* Directions for this task *
Write the listing below out again in full, dropping its pictures.

* Data segment *
^^^^^^^^

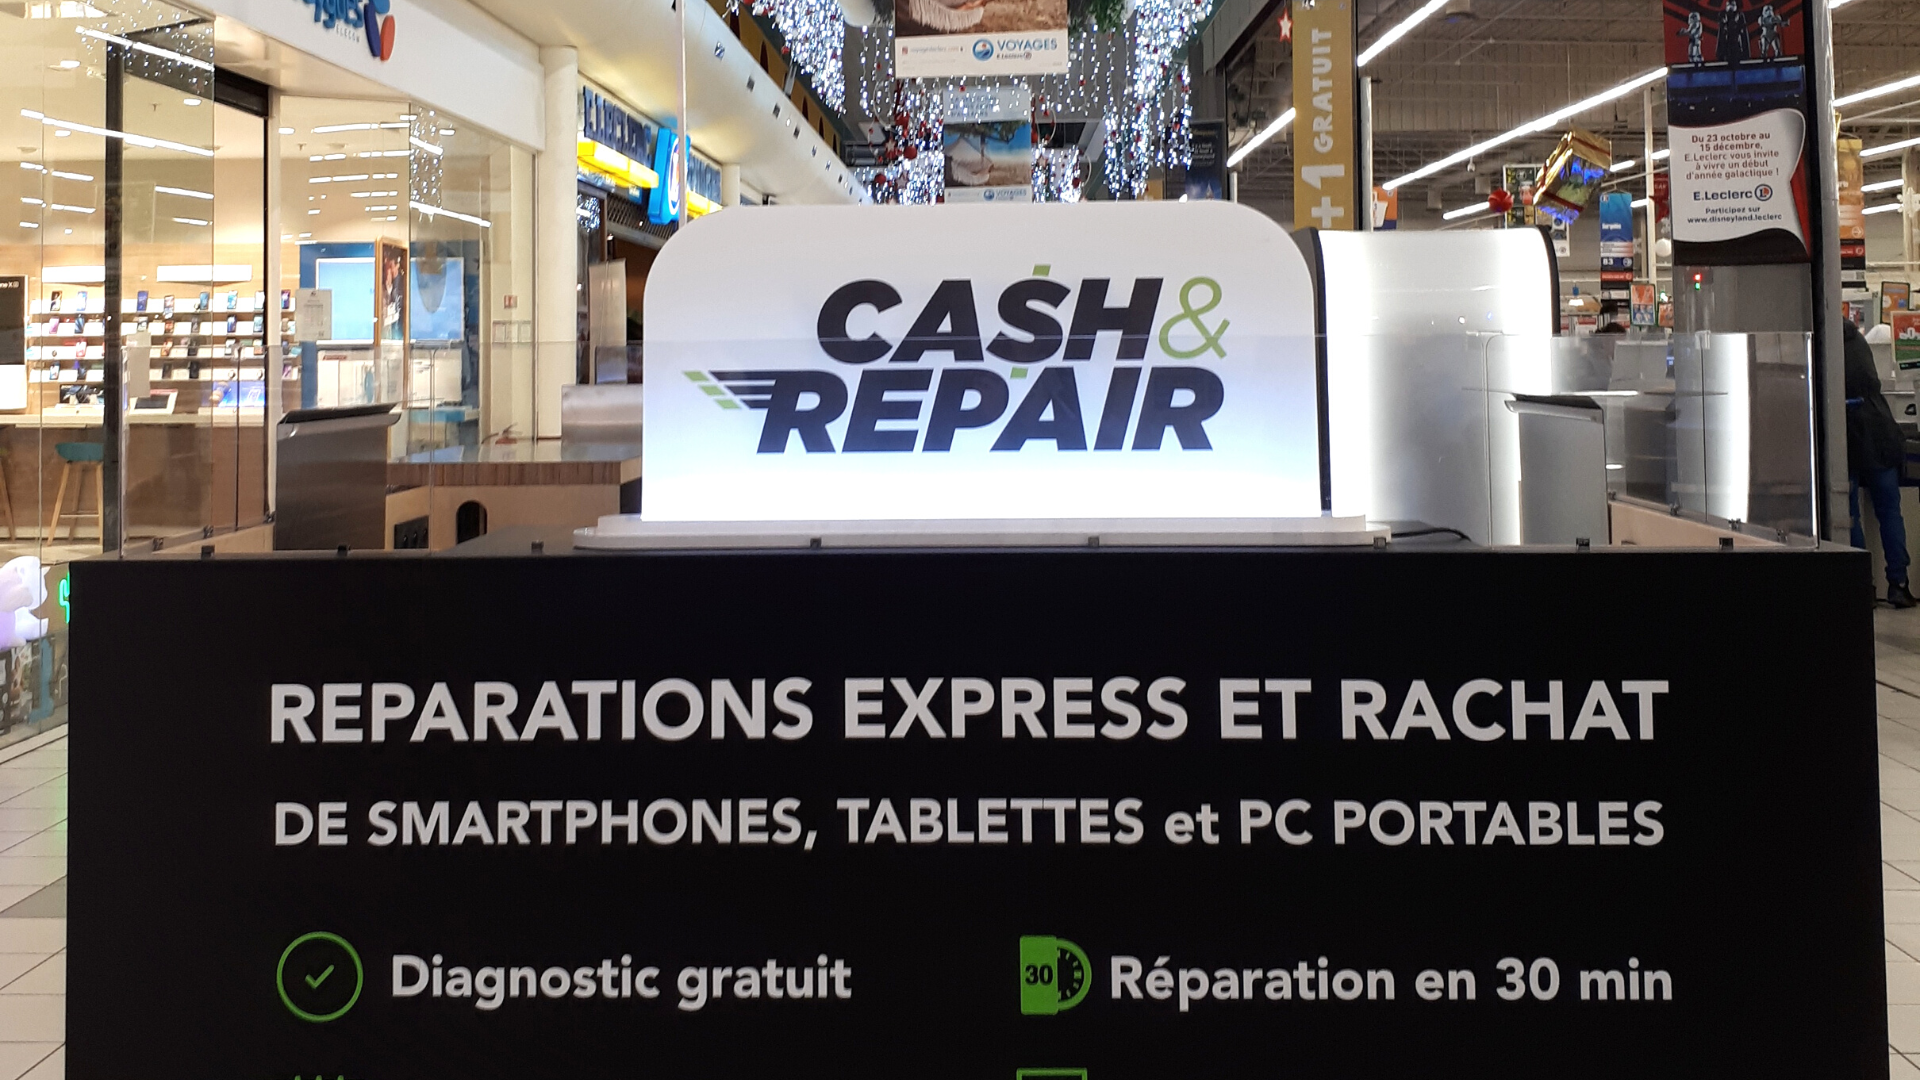 Atelier de réparation Cash and Repair Clichy-sous-Bois
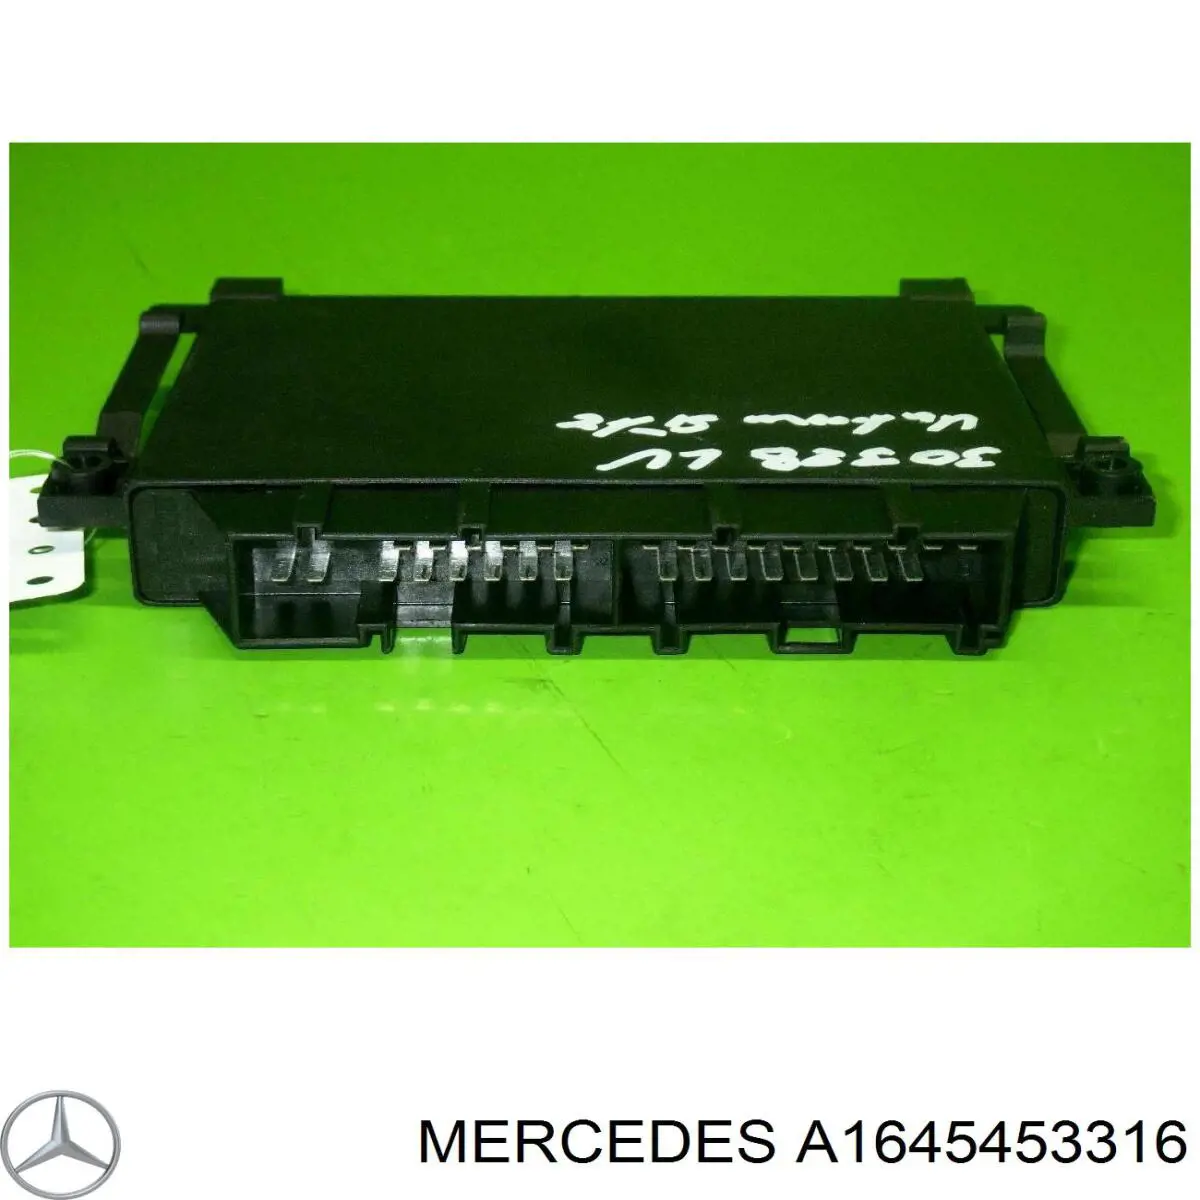 Unidad de control, auxiliar de aparcamiento para Mercedes ML/GLE (W164)
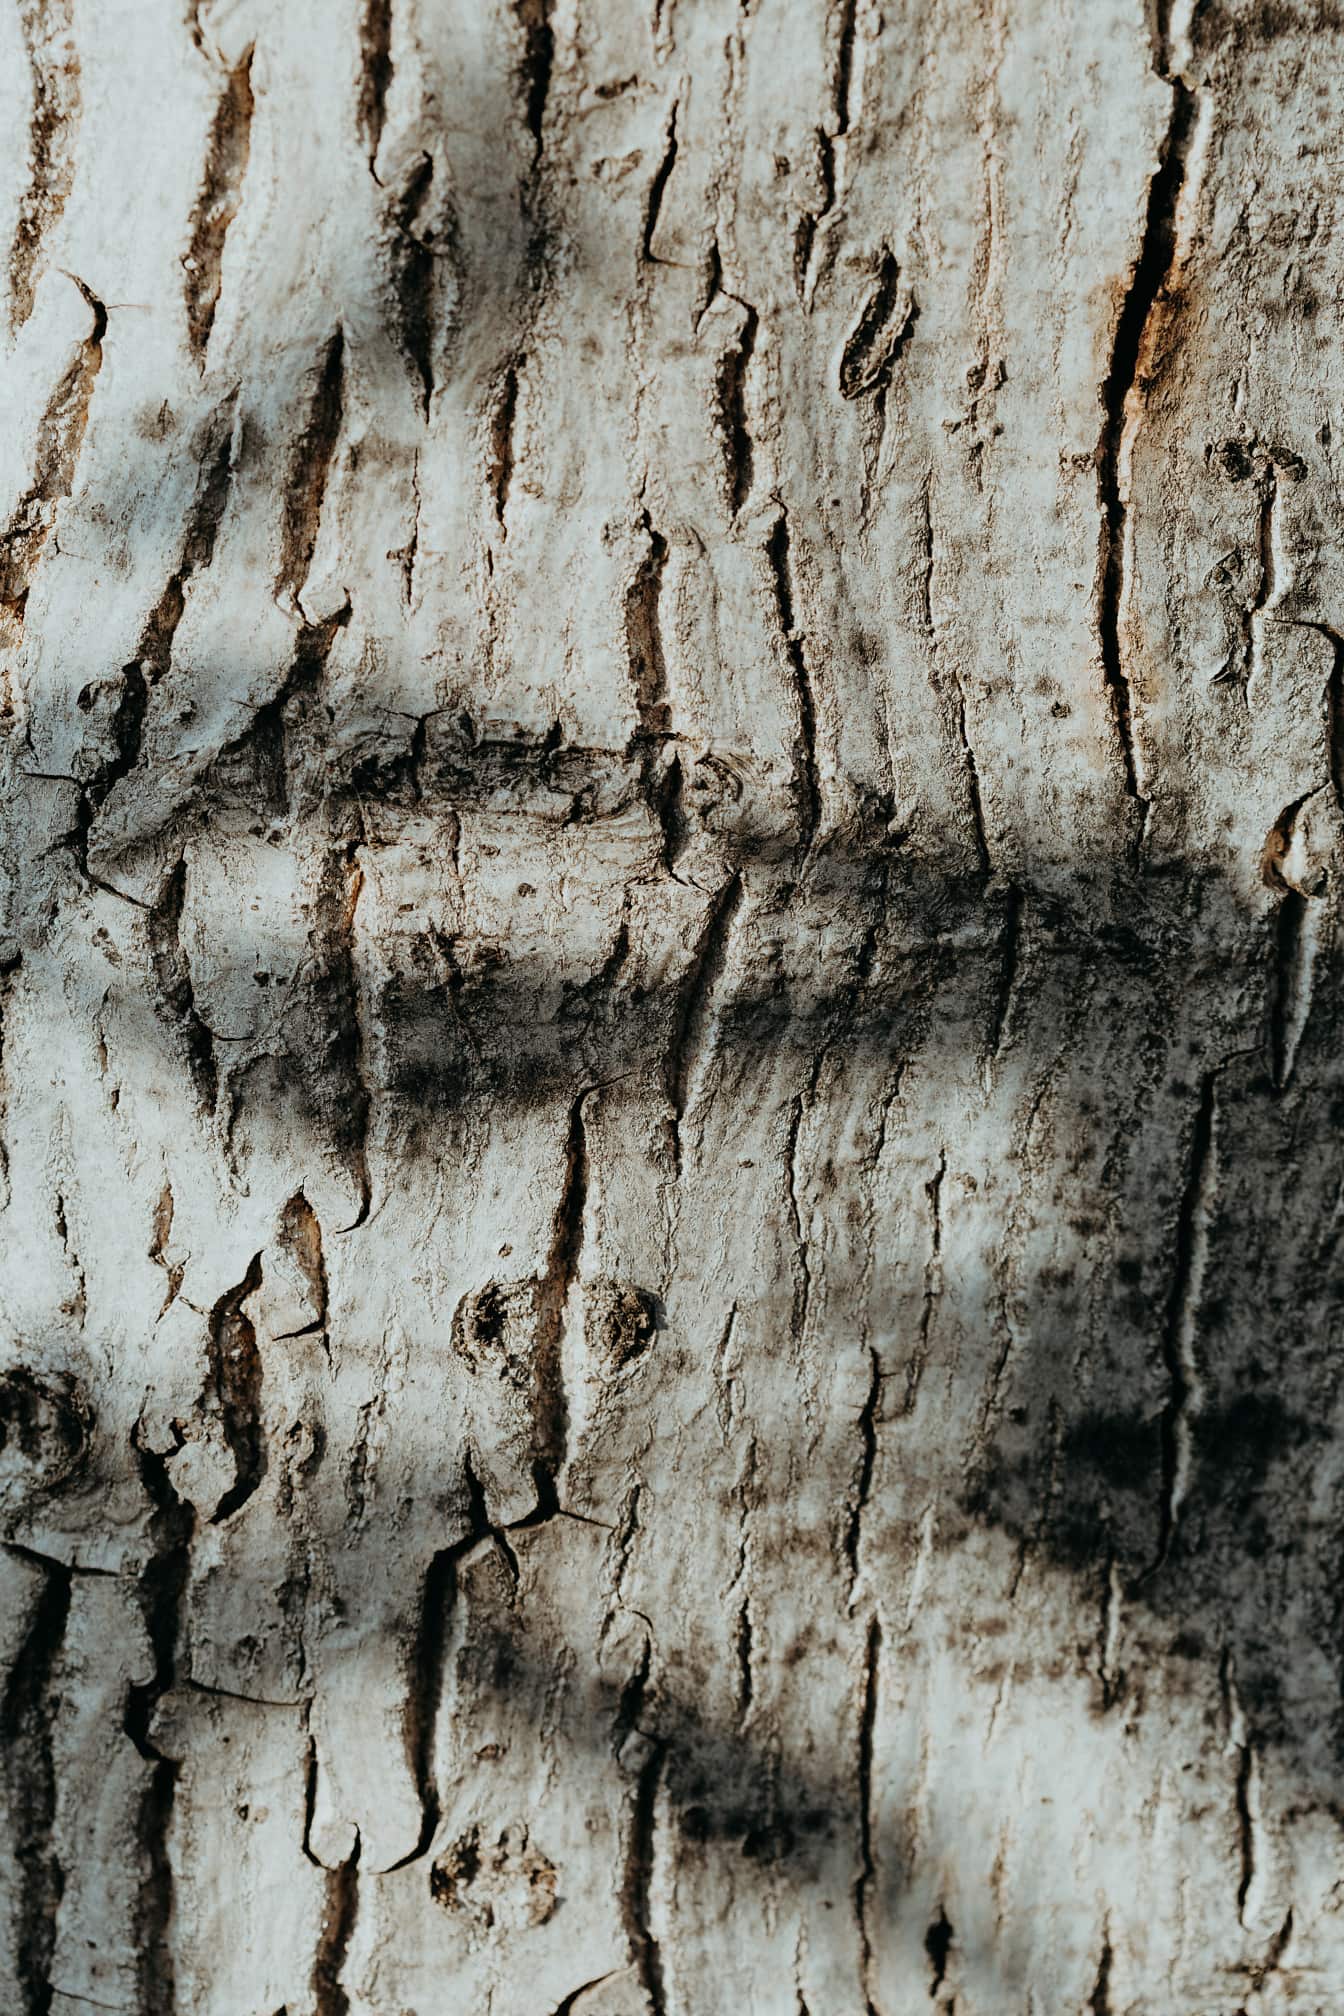 Gölge yakın çekim dokusuna sahip kavak ağacı gövdesi korteksi

^^^^^^^^

* Result *
 Atelier de réparation Cash and Repair Clichy-sous-Bois
 Unidad de control, auxiliar de aparcamiento para Mercedes ML/GLE (W164)
 Gölge yakın çekim dokusuna sahip kavak ağacı gövdesi korteksi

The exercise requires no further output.